Paul and the pirate

From ANIMAL PEOPLE, July/August 1997:

BREMERHAVEN––A pirate whaler is at large in the central
Atlantic, Captain Paul Watson is out of jail, and the Sea Shepherd
Conservation Society has a ship and crew at Bremerhaven, Germany, almost
ready to sail. “We don’t know if we’ll be able to find it,” Watson told ANIMAL
PEOPLE from Washington D.C., after addressing the Animal Rights
‘97 conference and attending a banquet in honor of Animal Rights
International founder Henry Spira, “but we’re going that way anyway to chase
some driftnetters, and we might as well have a look.”

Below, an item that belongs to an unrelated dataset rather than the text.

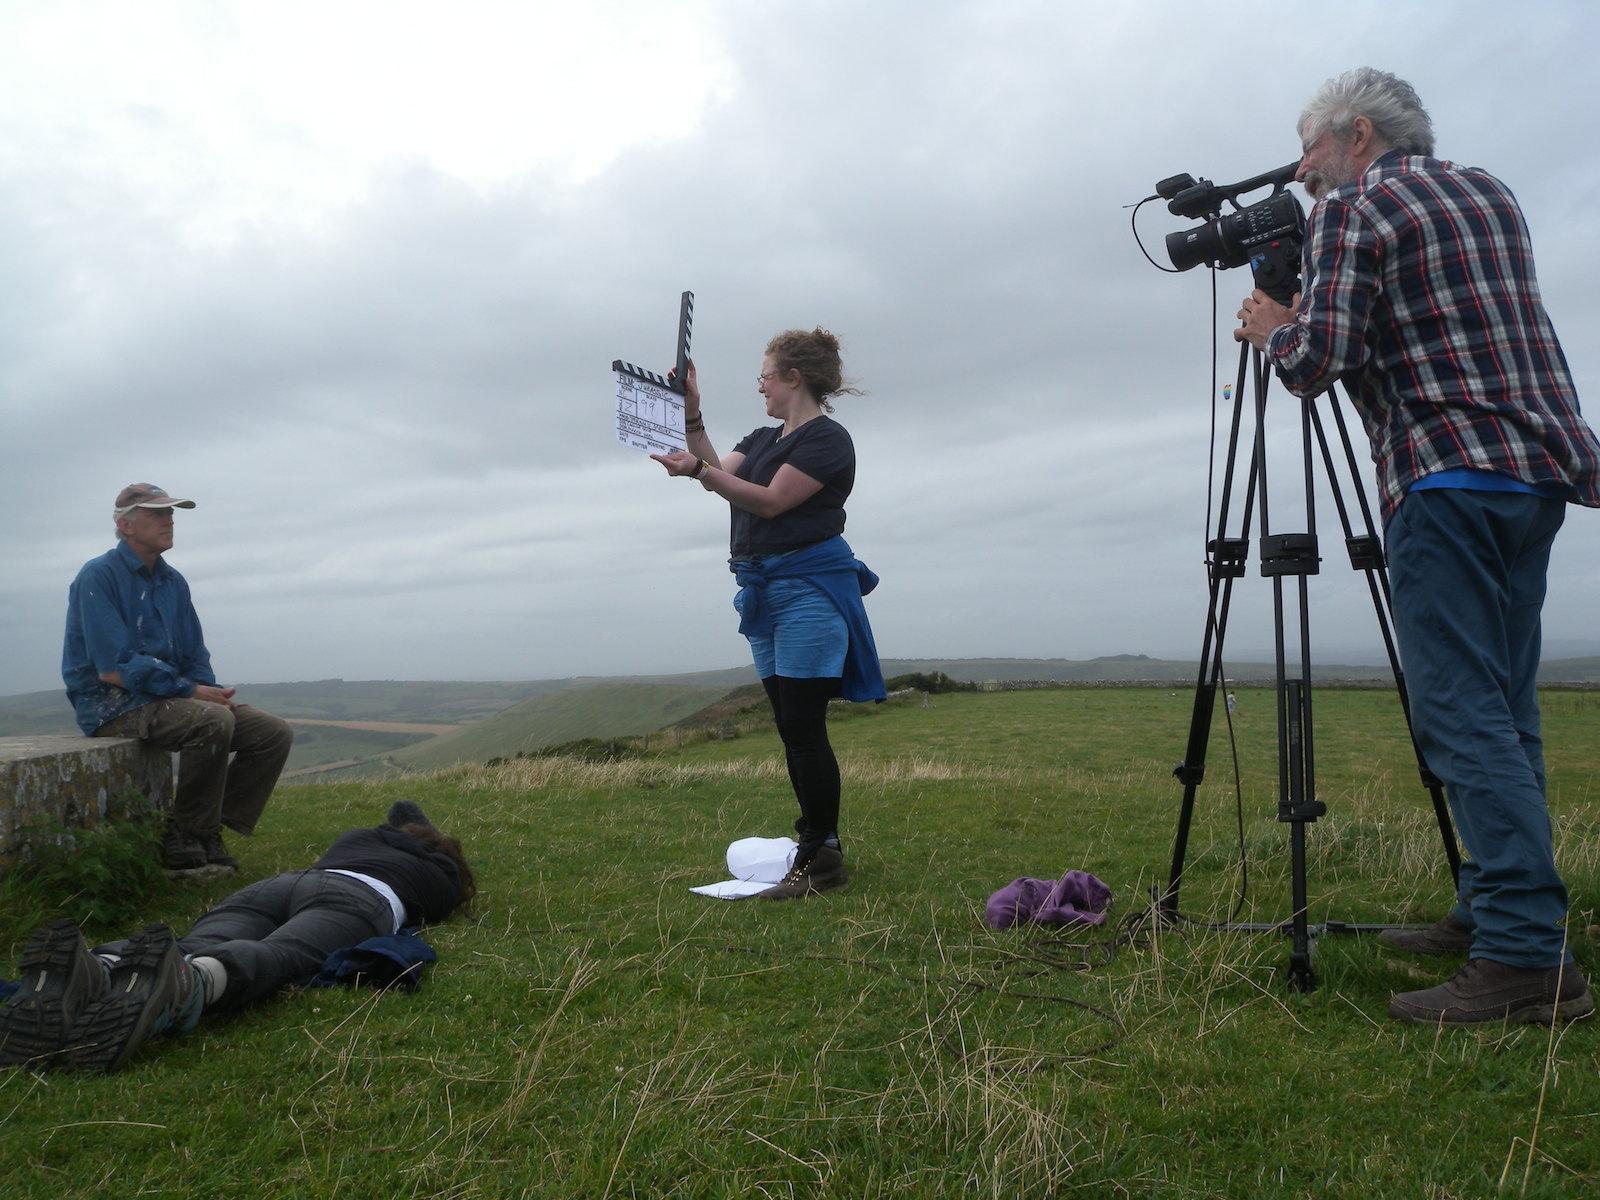 August 2012 - 3D Film shoot, Swyre Head, Dorset

The Portuguese Navy was reportedly already looking with a warship––but
the last time there were pirate whalers in the region, the Portuguese
Navy protected them. The most notorious was the S i e r r a, operating from
Lisbon with impunity. On July 16, 1979, Watson, Peter Woof, and Jerry
Doran overtook the Sierra with the original Sea Shepherd vessel, then rammed
her twice as she ran for the protection of a Portuguese destroyer. The destroyer
apprehended the Sea Shepherd after a high seas chase, but Watson, Woof,
and Doran all eventually escaped, while inspired Sea Shepherd sympathizers
sank the damaged Sierra and three other whalers. The rest left the Atlantic.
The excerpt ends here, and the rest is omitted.